Informed Catholics are likely to dismiss the animal rights protesters who stormed a church in Italy earlier this year, demanding that the Church recognise that animals have souls and should be treated like Christians. Of course animals don’t have souls, we might respond, and of course they cannot be Christians. The shrill manner of the protest, and the lack of thoughtful theological justification, suggests that this was a lunatic fringe deserving no serious attention.
But it would be a pity if we neglected the issues that the protesters raised because of the silliness of their methods: bursting into a Mass, dogs in arms. Sadly, the use of the term “soul” in which they framed their protest pretty much guaranteed that they were not going to get a hearing. Catholics are generally conditioned to frame all talk about what is of enduring importance in terms of the soul, defined as that which will survive physical dissolution. Either animals have souls and are morally equivalent to humans, or they do not and so do not matter at all.
The media commentary on the protest implicitly accepted these reductive options, limiting the possibility of a more nuanced response. But it should be obvious to anyone even vaguely acquainted with animals that neither of these alternatives can be correct. Animals are not the same as human beings; but neither are they nothing.
“Soul” is not the only – or even the most dominant – language of the New Testament in framing God’s salvific purposes. The biblical imagination is not restricted in this way: it employs the language of creation and re-creation, of cosmic renewal. It was this that Pope Francis was referring to when he was misreported as saying that pets go to heaven. He was drawing much-needed attention, as he did in his encyclical Laudato Si’, to the scriptural testimony that God’s purposes embrace everything he has made.
Biblical Christology is universal in scale: everything comes into being through Christ and is reconciled to God in Christ. If we say that dogs, cats or horses have no moral or spiritual significance, we are, in effect, saying that they are outside of Christ. And that is pure heterodoxy.
The protesters were offering a salutary summons to Christians to articulate what it could mean for a dog – or, indeed, a whale or worm – to be “in Christ”. To refuse this challenge is to fall into gnosticism: the heresy of regarding this material world as without inherent value, as outside God’s design of love. That is the first step towards denying the Incarnation altogether. It is no accident that the early campaigns for animal welfare arose in Christian cultures.

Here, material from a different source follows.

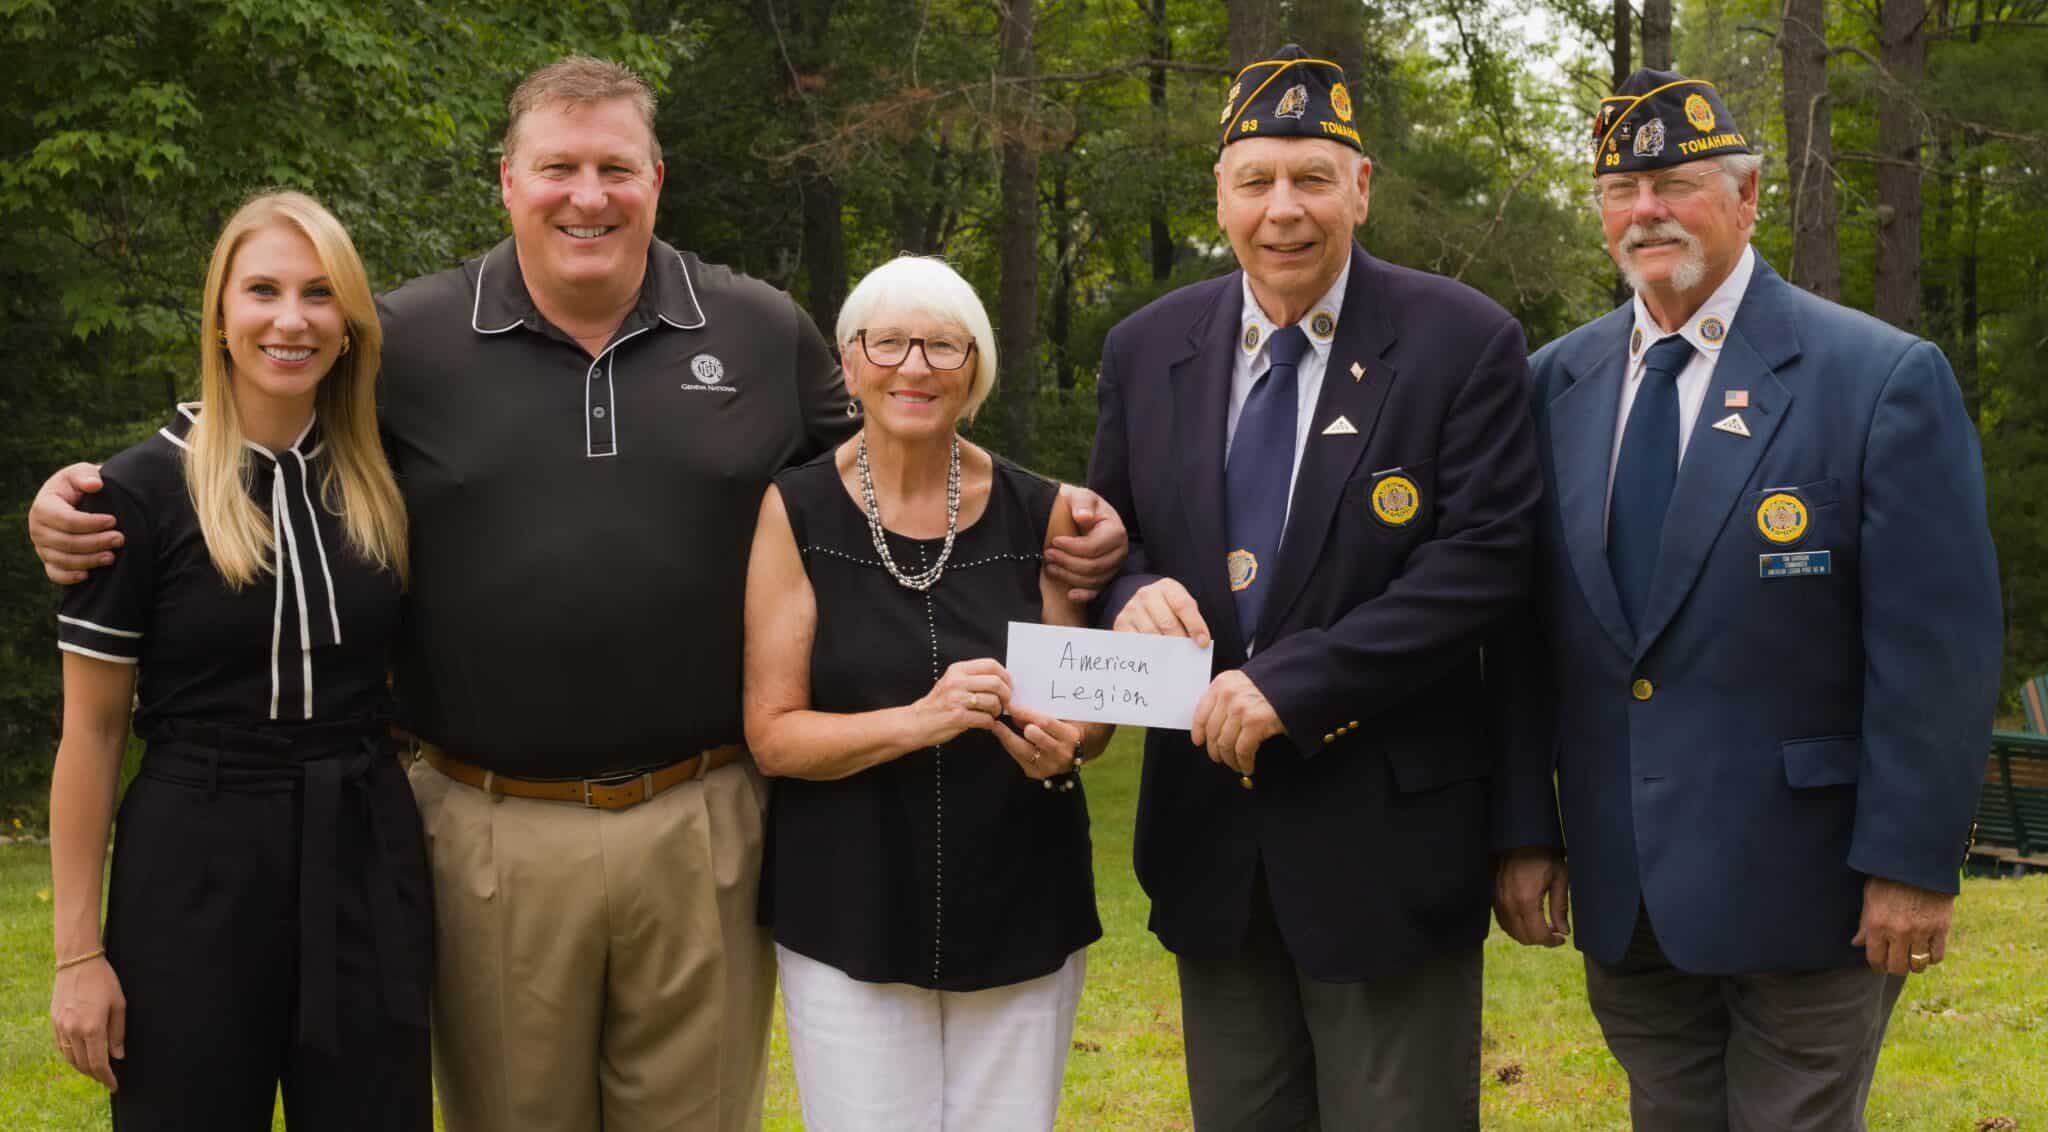 Laabs Family Fund donates $10,000.00 to American Legion Post 93 as renovations reach halfway mark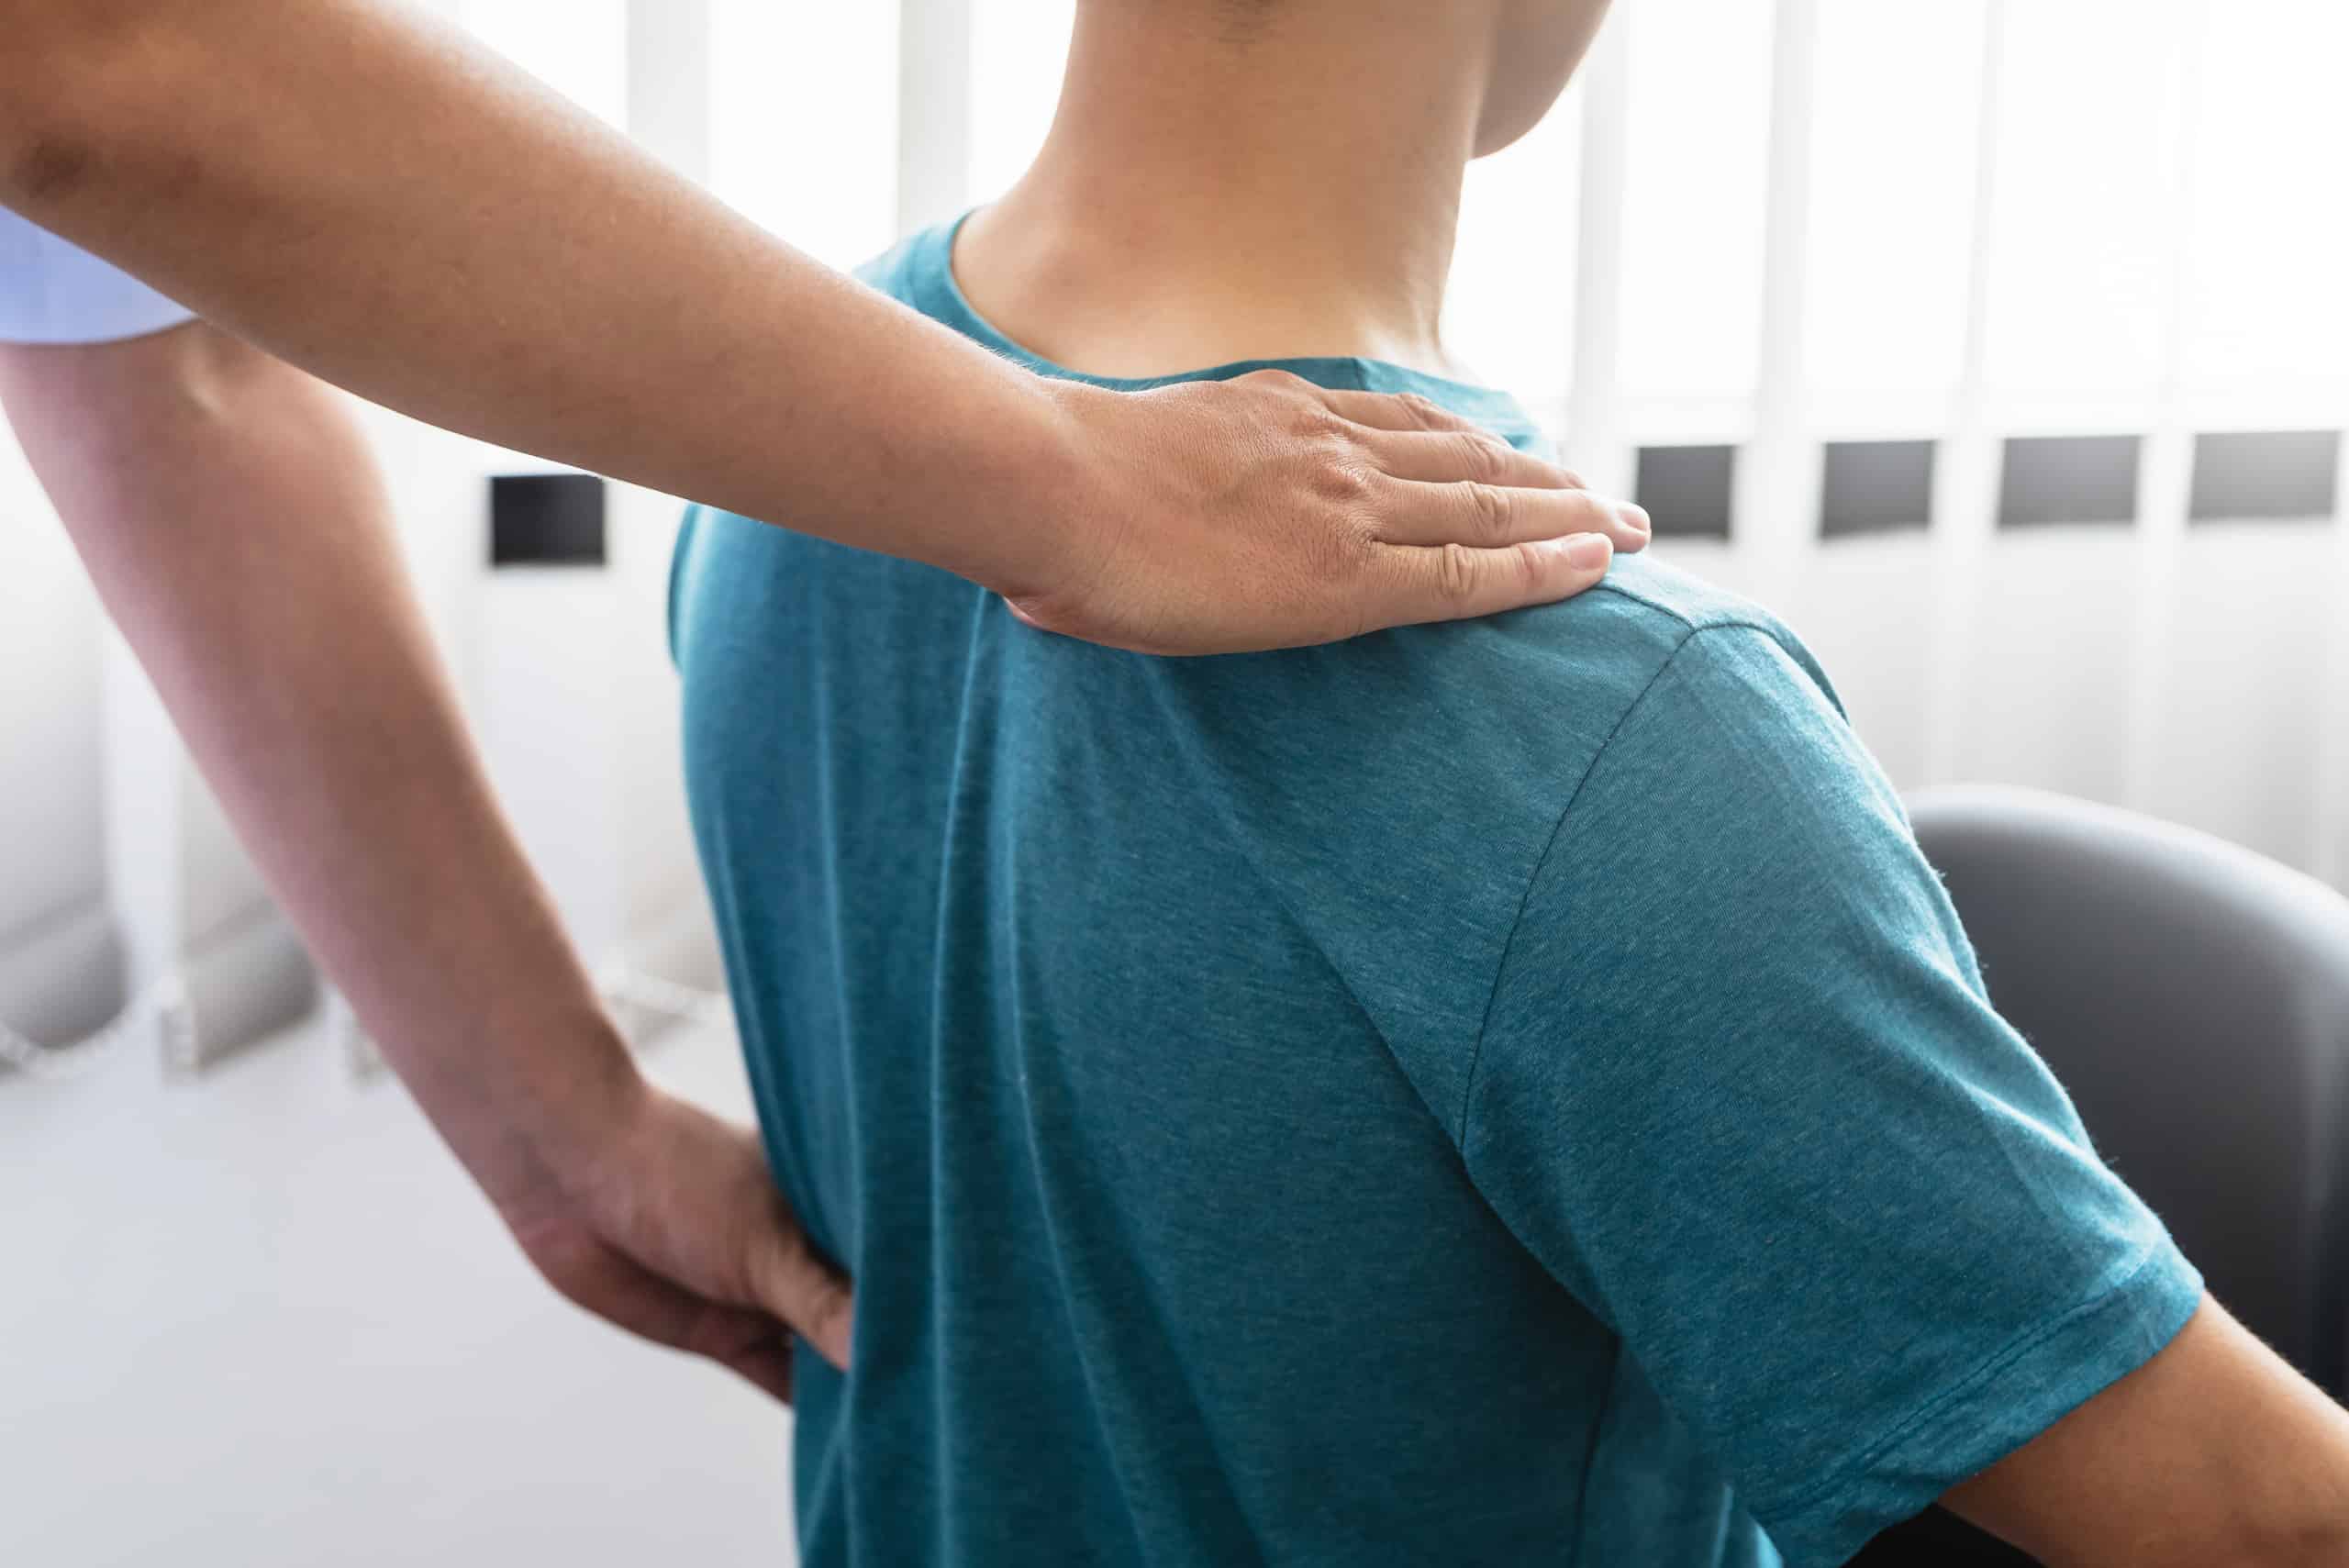 Acupressure for Back Pain Relief: Top Points to Press for a Pain-Free Spine

The faithful have allowed the gathering momentum of animal rights campaigners, with their demand that humans and animals be regarded as of equivalent value, to determine the terms of the debate. When that happens, there is a temptation to represent the Christian view on the matter only with reactionary denial. What we need instead is a return to the tradition, which describes the multiplicity and diversity of the created order in terms of the innumerable ways in which God communicates his love and being.
For Catholics, the hierarchy of creation is not a conflictual jostling. A zero-sum game, playing off humans and animals against one another, is a surrender to the competitive logic of the secular. Creation is not a competition. It is no threat to the unique vocation of human beings to recognise that animals, too, have their particular spiritual dignity, their lovingly ordained role in the divine economy. To honour this role exemplifies the priestly character of human beings, in whom creation finds its voice and full meaning.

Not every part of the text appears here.